In the last main verse Hendrix sings:
“If I don’t meet you no more in this world / Then I’ll meet you in the next one, and don’t be late.”
This is the heart of the song’s gospel. Hendrix fuses the reincarnation ideas of African cosmology with the eschatology of Black church spirituality. “The next world” is both afterlife and after-legacy — the next generation of Black musicians who will carry his torch. The line’s tone is casual, but the message is profound: Hendrix is saying he will transcend time and form, his sound eternal. For FBA culture, that’s the same faith that animated spirituals — a certainty that freedom, if not found on this earth, awaits in another realm. Musically, this moment mirrors that transcendence: he punctuates the lyric with soaring bends, sliding between notes like a spirit leaving the body.
“Voodoo Child (Slight Return)” is not simply a psychedelic blues-rock anthem; it’s a declaration of Black divinity. Hendrix turns the electric guitar into a mojo hand, blurring the line between art and ritual. His playing doesn’t just entertain — it sanctifies. The song, from an FBA perspective, is a moment where Black sound rewrites American mythology, placing the Black musician as prophet and creator, not imitator.
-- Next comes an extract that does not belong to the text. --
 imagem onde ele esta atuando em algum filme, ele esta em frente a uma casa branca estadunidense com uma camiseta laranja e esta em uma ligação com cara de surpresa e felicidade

For Foundational Black Americans, Hendrix’s Voodoo Child (Slight Return) stands as both spell and scripture — the moment when the blues was resurrected through voltage and vision. It taught the world that our music is not bound by genre or geography; it’s living spirit. And like Hendrix promised, if we don’t meet him in this world, we’ll meet him in the next — every time that first wah-wah cry pierces the air. Every guitarist who picks up a Stratocaster since has, in some way, answered that call.